WHAT YOU SHOULD DO
Write out, please, each line from the one containing "Vintage Postcard, Camp" to the final line of the data, both included, exactly and without pictures.

============================================================

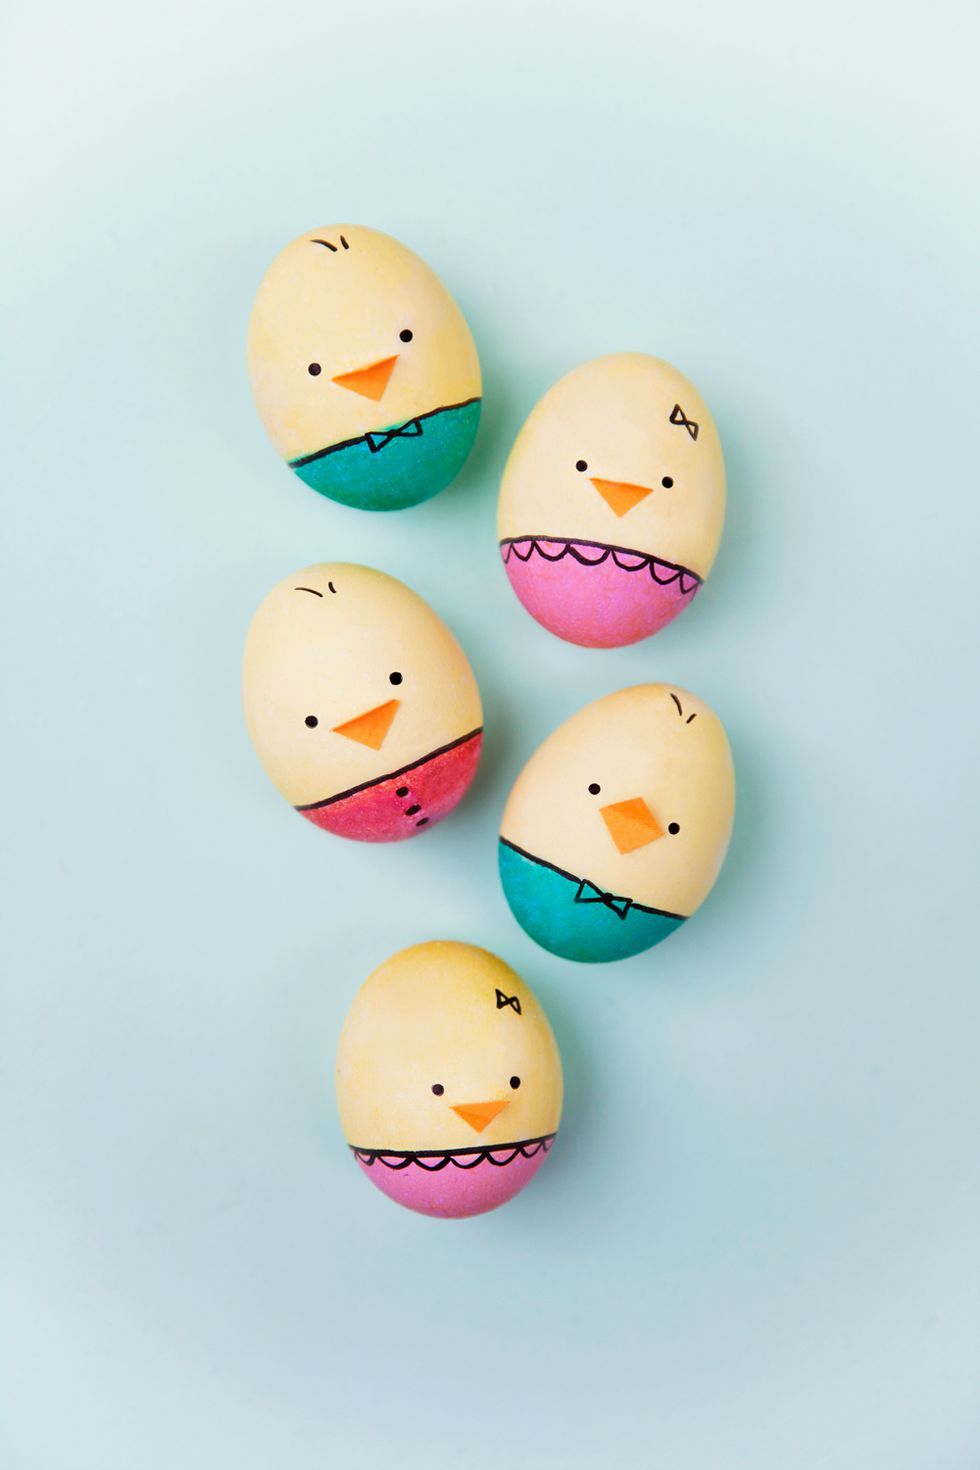 56 Best Easter Egg Decorating Ideas - Creative Easter Egg Design Ideas
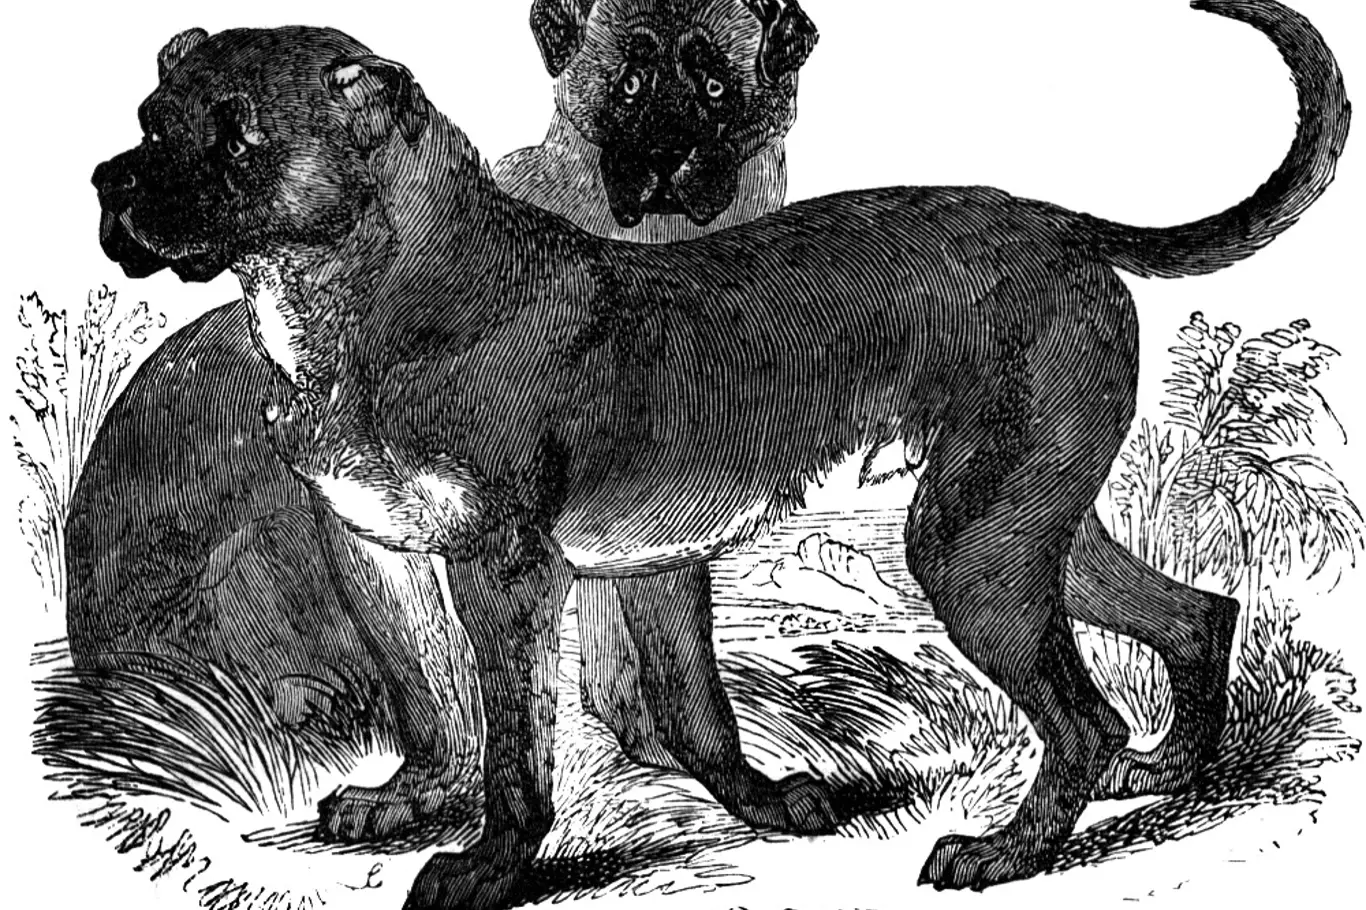 Cuban Mastiff, The Animal Kingdom Illustrated , AJ Johnson & Co., New York, 1885
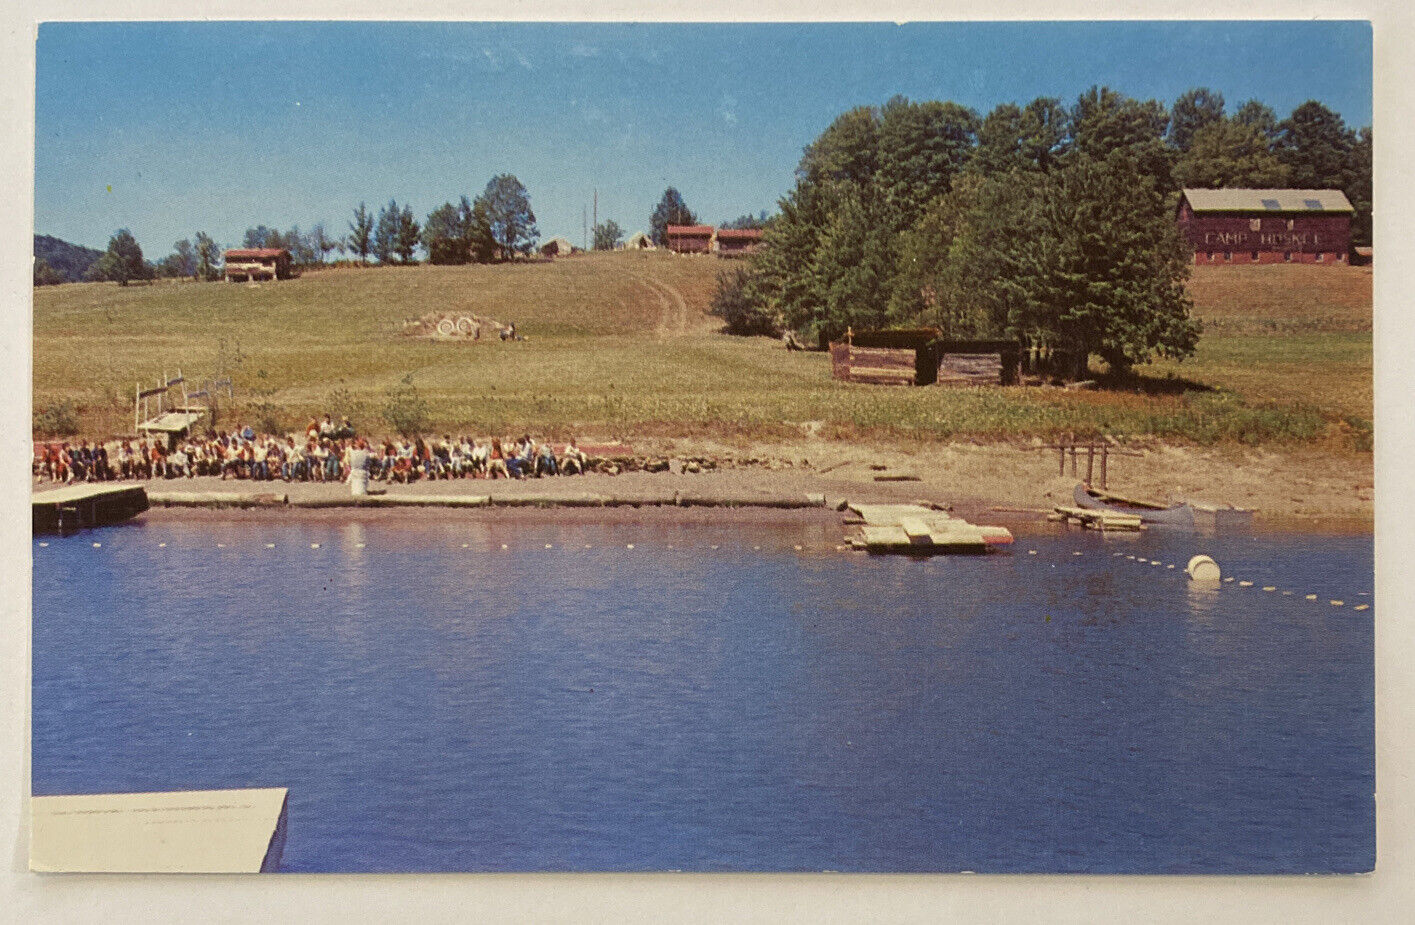 Vintage Postcard, Camp Huskee, Binghamton, New York
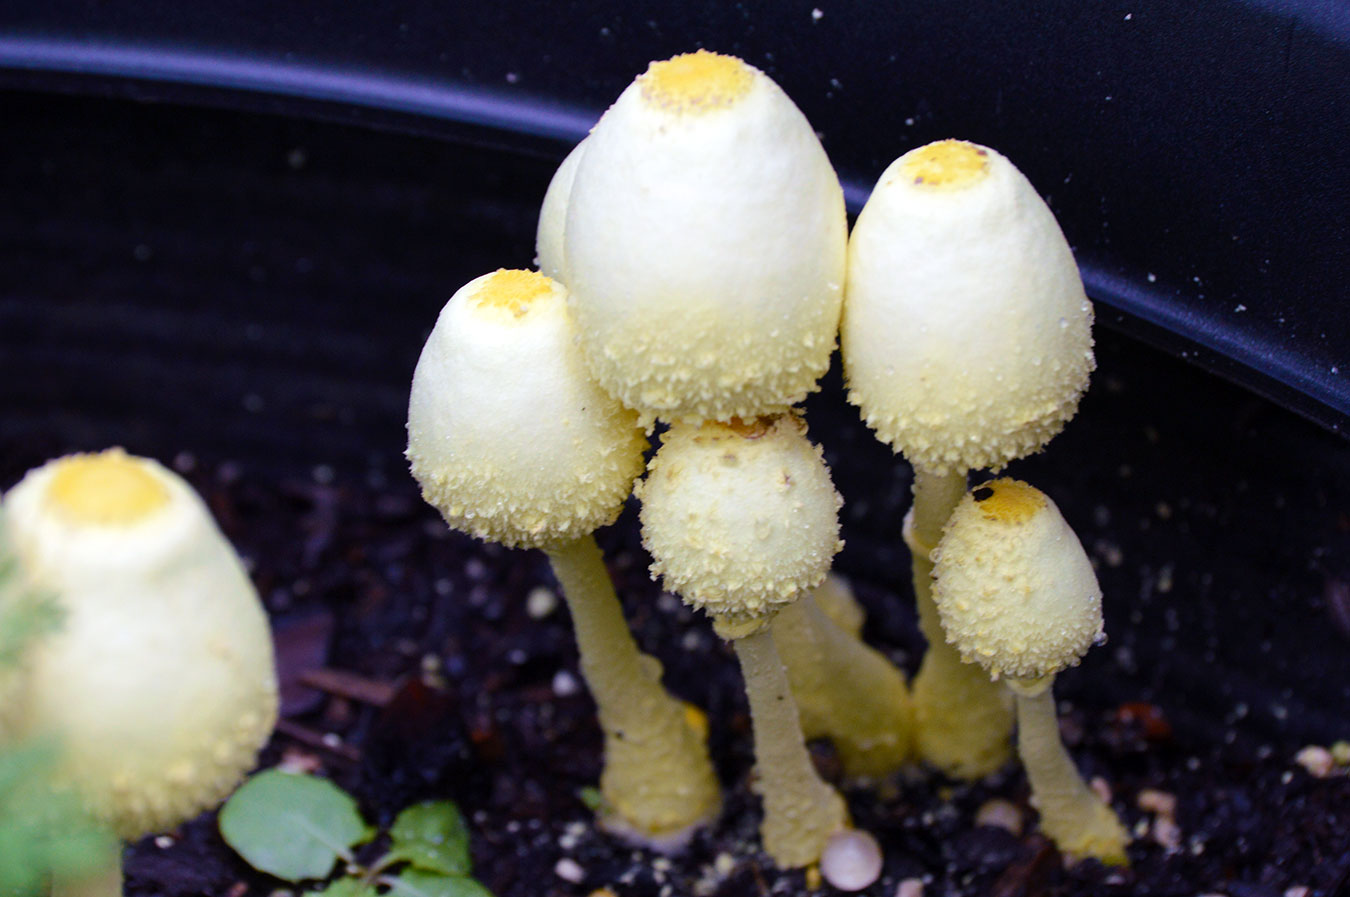 Yellow fungus in potting soil - the yellow houseplant mushroom
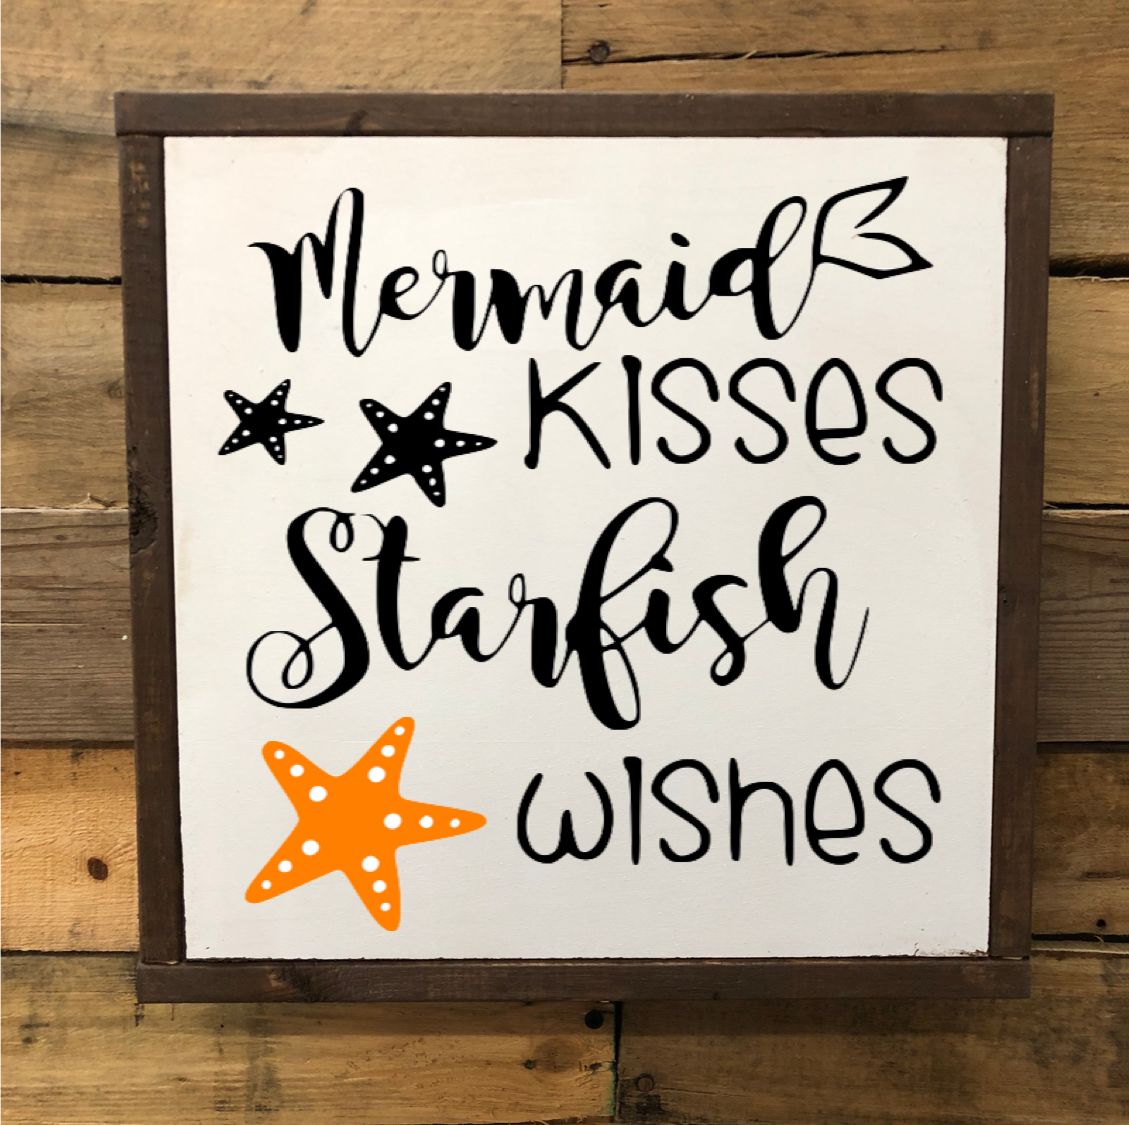 mermaid kisses starfish wishes.png

============================================================

SOLUTION
 Vintage Postcard, Camp Huskee, Binghamton, New York
 Yellow fungus in potting soil - the yellow houseplant mushroom
 mermaid kisses starfish wishes.png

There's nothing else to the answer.